As I mentioned earlier, two more important elements for success of the SDGs are quality data and implementation, which I’ll just say a few words about given time constraints. Quality, reliable, accessible, and timely data is one of the most powerful tools for achieving the 2030 Agenda and ending extreme poverty. We need improved data both to monitor progress, diagnose problems, and help design policies and programs that will be needed to find solutions and make progress towards the SDGs. While the World Bank Group is already committed to household budget surveys, we also need to work to improve data production, accessibility, and analytics, particularly to support our implementation, as well as for tracking progress on the twin goals and SDGs. The Bank Group is aligning its corporate scorecard and Systemic Country Dialogue to the SDGs, while also working with the UN statistical commission, and the Global Partnership for Sustainable Development Data.
Finally, on implementation partners need to complement policy work with operational responses and financing -- engaging with both the public and private sectors. We have to advance global policies that are consistent across the global, regional, and national levels and across the public and private sectors, all of which are essential for inclusive growth and poverty reduction. Investments in infrastructure and human capital are important, but it also requires solid institutions of governance and improving client capacity. All partners must work to build durable global public goods, addressing the challenges I mentioned at the top, including forced displacement, climate change, pandemics, etc.
Before I close, I want to return to the issue of the financial sector, which is key to our agenda. I see that I am among some very bright minds here today. I’ll say that perhaps too many of our brightest minds have migrated to finance at the expense of other professions. We need the vitality and entrepreneurial spirit of the private sector finance sector to apply that same vigor to the world’s toughest challenges.

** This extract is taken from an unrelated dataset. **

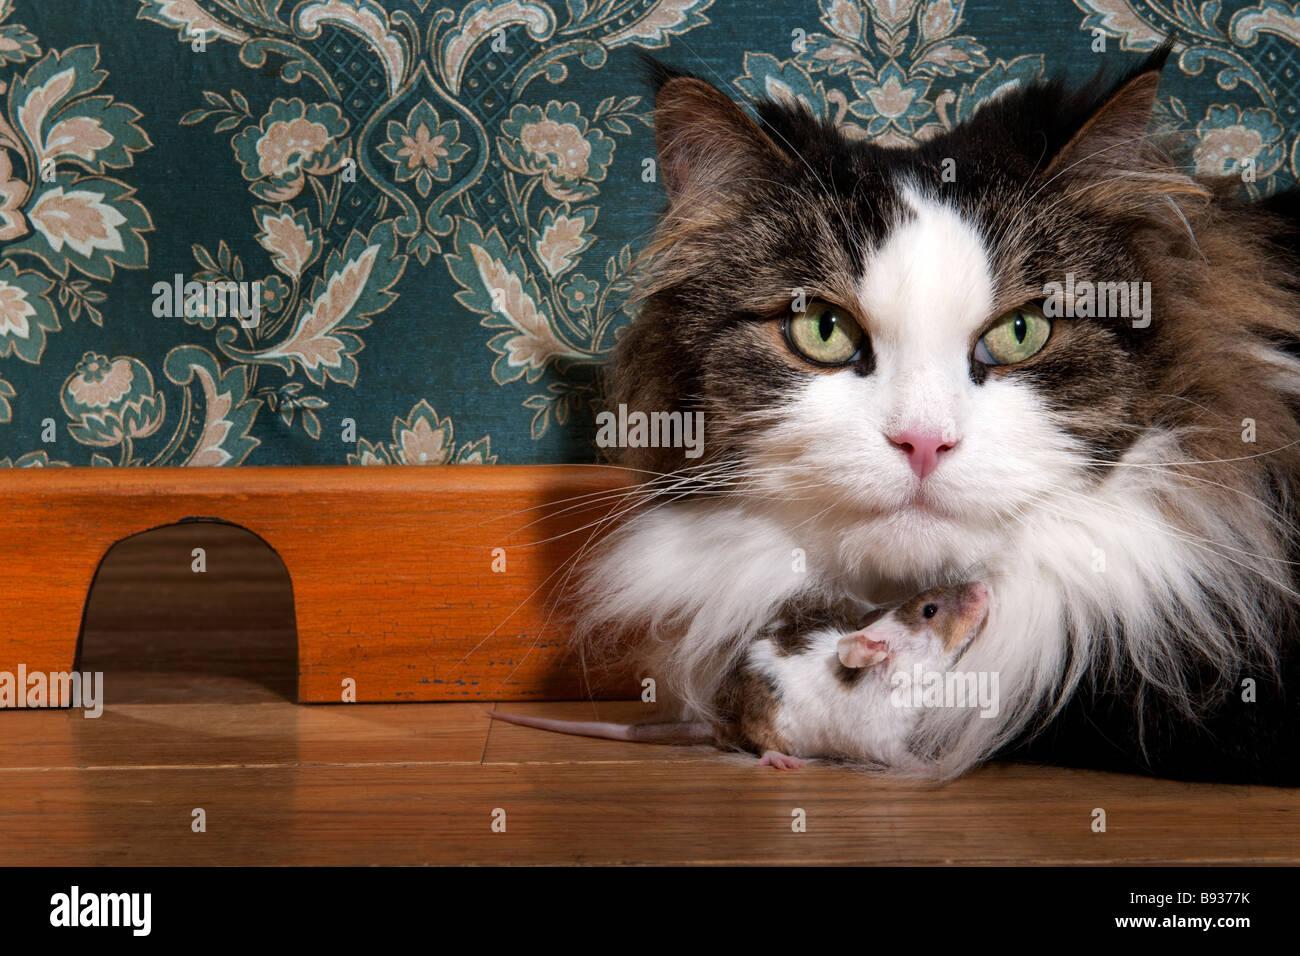 El gato y el ratón en una lujosa habitación antigua Foto de stock
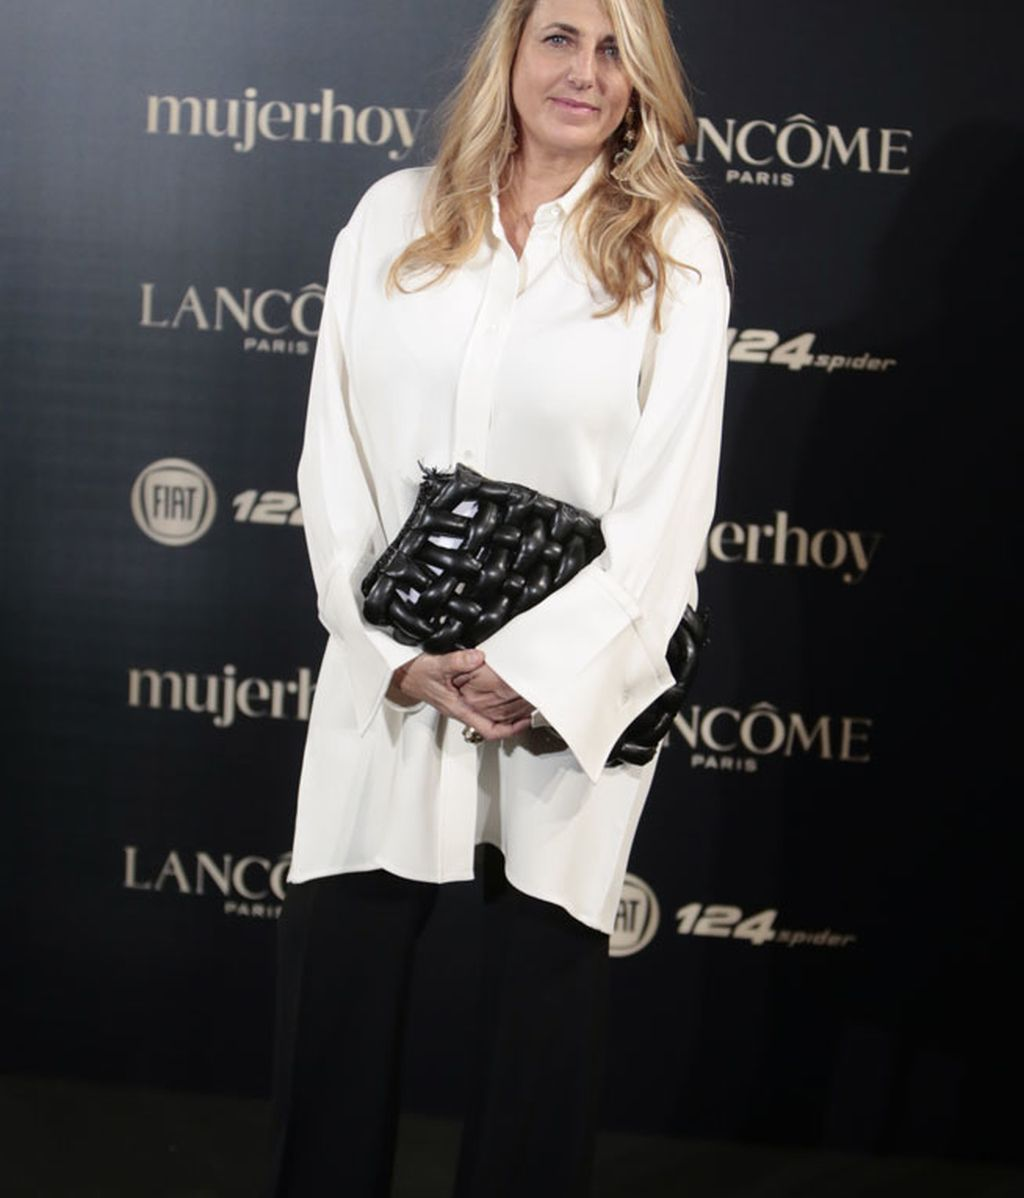 Una de las diseñadoras más influyentes, Patricia Urquiola, también premiada

I’ll go a step further. Our global financial system is essential to the stability not just of our economies, but also of our political and social institutions. As Robert Shiller said in his book, Finance and the Good Society, our financial system “appears...to be broken.” He urges that it be “thoughtfully guided into the future, expanded, democratized and humanized…so that financial institutions will be even more pervasive and positive in their impact.” This will allow millions more people to enjoy the benefits of the financial system, sharing information and access to finance, while backing these systems up with effective social safety nets. This kind of system, he says, will redirect the anger about inequality towards peaceful change.
We will all have to work together – businesses, government, multilateral institutions, foundations, and NGOs -- to pursue this common vision of sustainable development. It will require us to build stable and efficient institutions, to invest in our people, and to pursue peace with as much passion as we do conflict – and then we can realize a world that is more prosperous, more secure, and more just.